In My Garden: A Q&A with AFT’s Caro Roszell

Caro is AFT New England’s Soil Health Program Manager, where she organizes farmer networks, provides technical support, and conducts research on agricultural practices and soil health. From New England perennial gardens to peer learning spaces, her work is rooted in connection — to land, farmers, and community. Read on to learn what she’s planting this spring and the farm lessons that continue to shape her work.

Caro conducting a soil health assessment | Photo credit: Julie Fine

What was your first farming job, and what’s one lesson from it that still guides you today?

The summer before my senior year in college, I was academically burned out, preparing to write my senior thesis, and I just felt I needed a nice, long mental rest before taking up this task.

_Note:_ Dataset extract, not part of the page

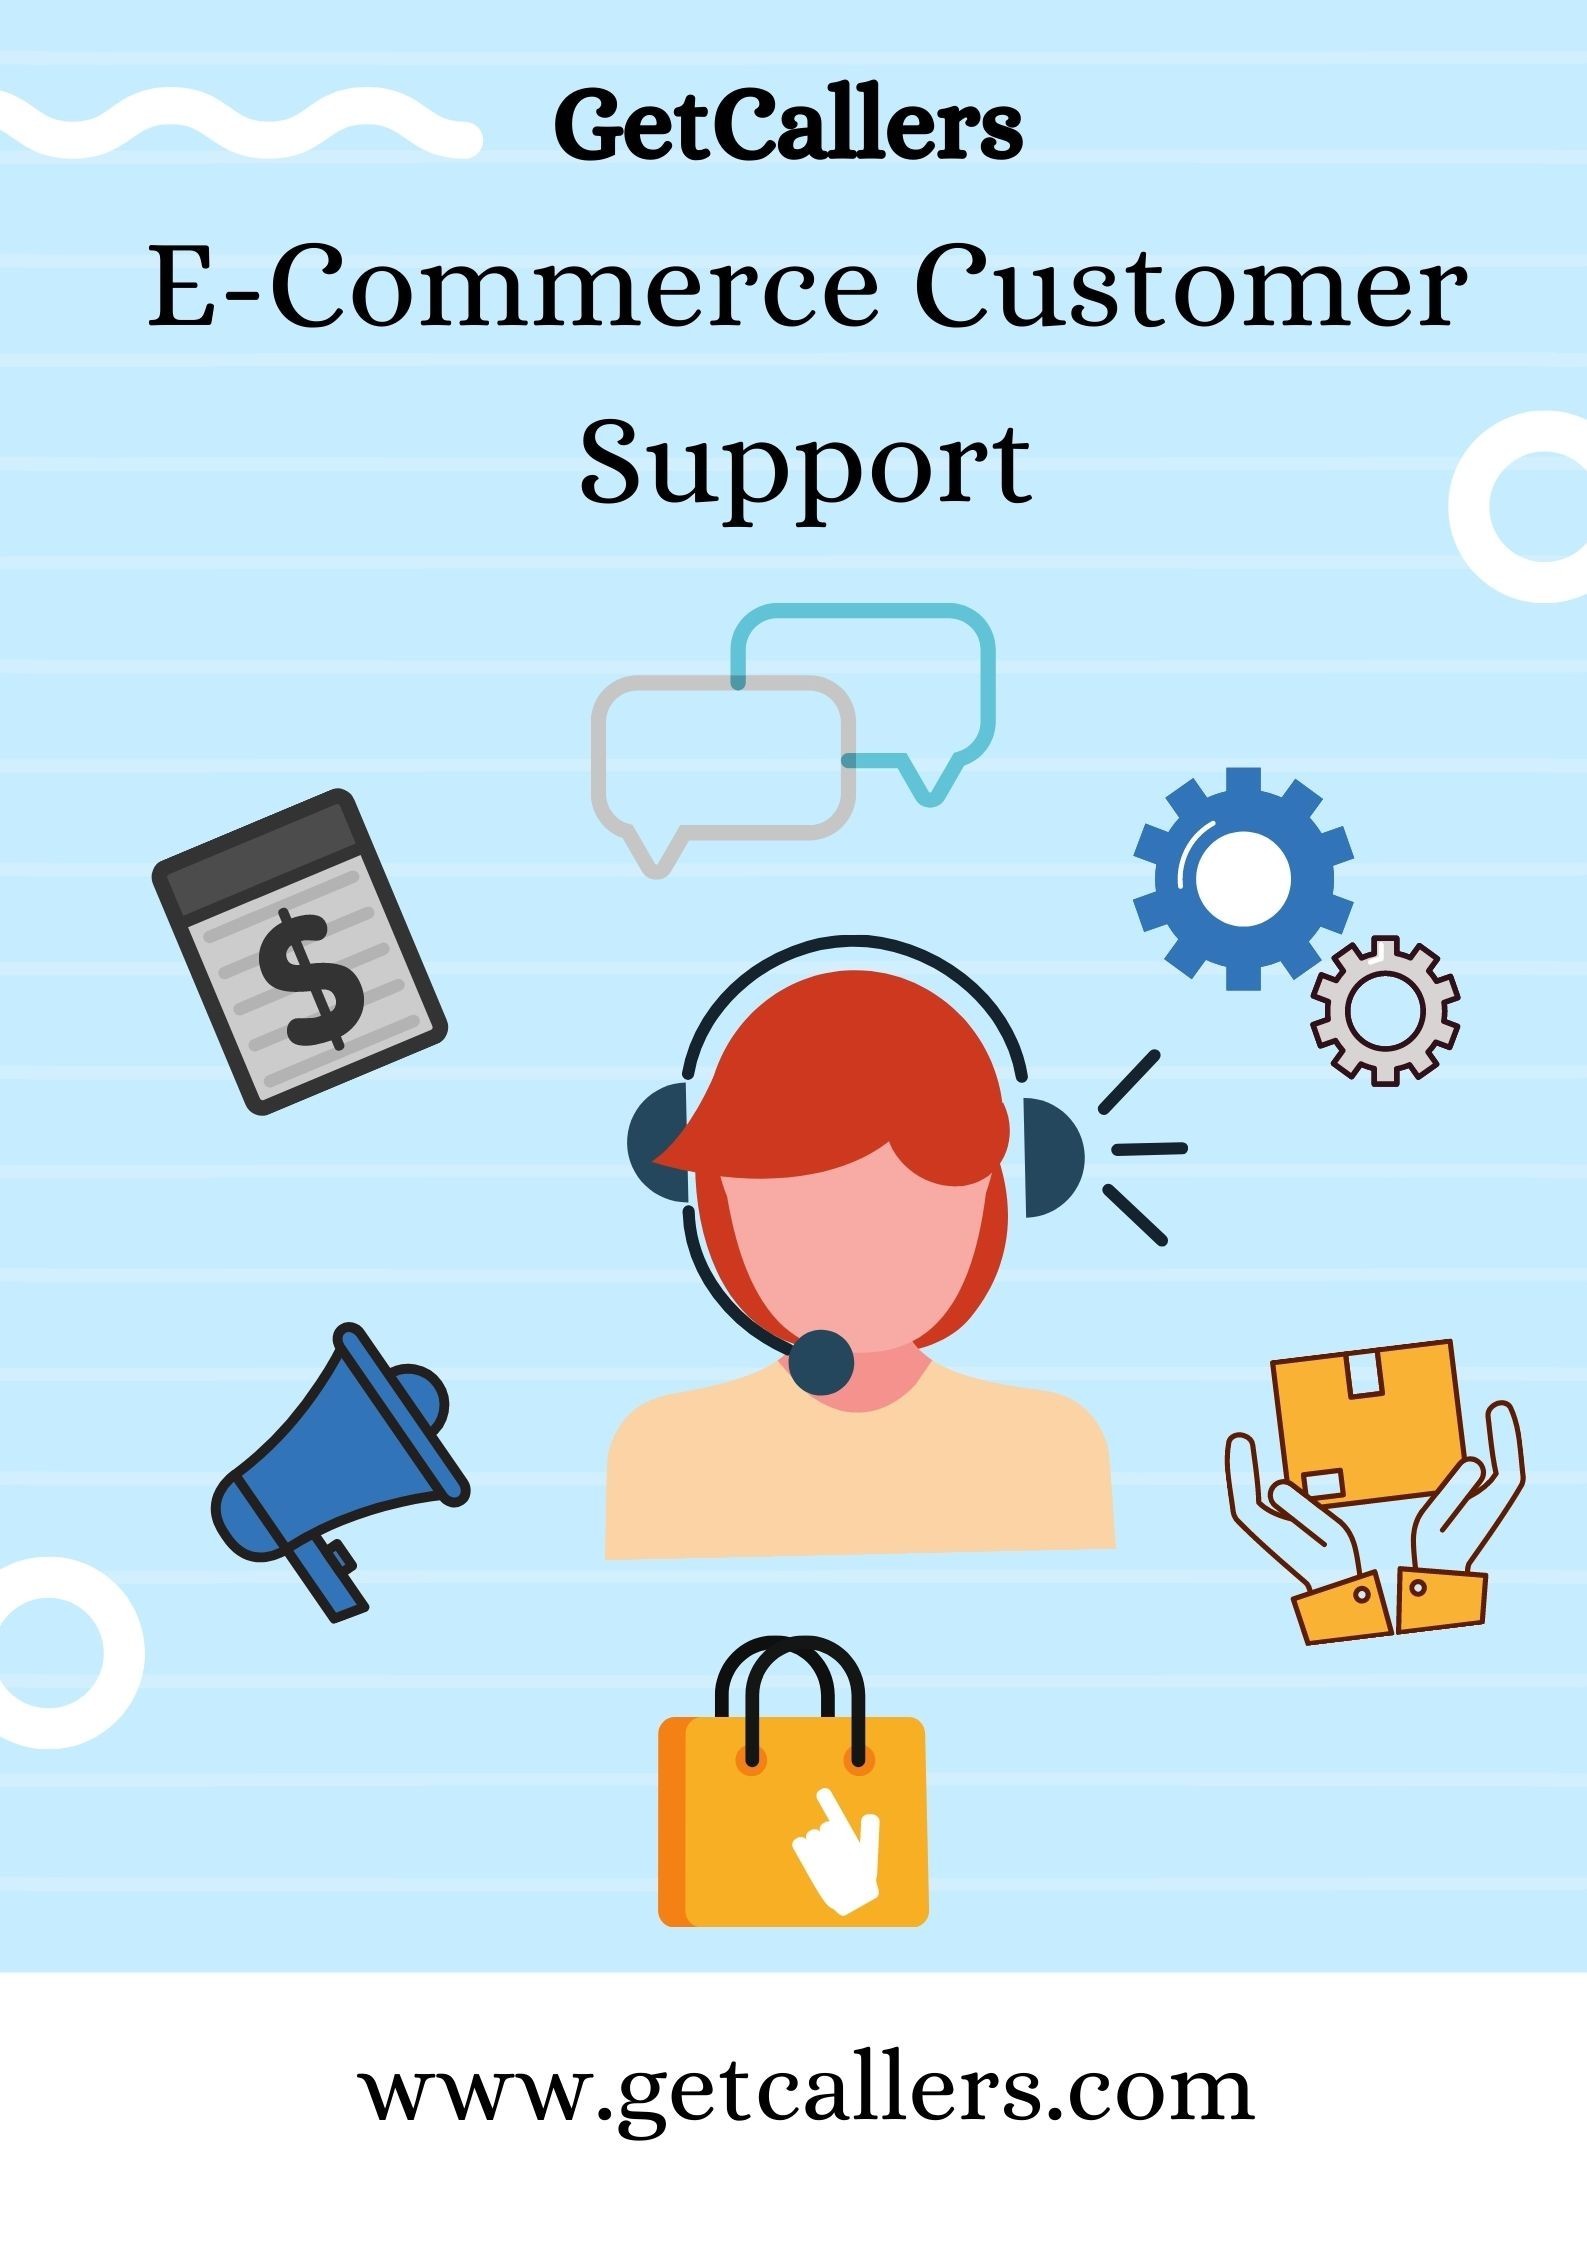 Looking For E-Commerce Customer Support Services?

I found an internship on a 3-acre market garden on the Olympic Peninsula in northwest Washington, packed a backpack, hopped a plane and a couple of ferries, and found myself on a farm for the first time in my life. I discovered the depth to which a person can become interconnected to a web of life when actively participating in an agroecosystem. I went there seeking a few months’ rest and respite from what I assumed was a future in academia and left there a farmer. 

 

What's a seasonal ingredient or harvest moment that you wait for all year - and what do you do with it?

I would have to say strawberries. After years of running a market garden on my land (while simultaneously working for a farming non-profit and several other farmers), I've been converting it into a food-producing landscape. I collected daughters from the strawberry plants at other farms where I worked and planted them amongst other veggies, herbs, and flowers. I’ve allowed them to naturalize across my landscape and now only thin them when they begin to crowd out other plants. I do zero maintenance on them of any kind, and they produce abundantly every year. The only thing I have to do is cover select patches with row cover or fencing at ripening, to keep away robins, chickens, and chipmunks. Although, the reality is that there are plenty to share! During strawberry season, I take a walk each day with a colander, fill it, eat some fresh, and freeze the rest. 

 

If you could design your dream farm (real or completely impractical), what would you grow or raise and why?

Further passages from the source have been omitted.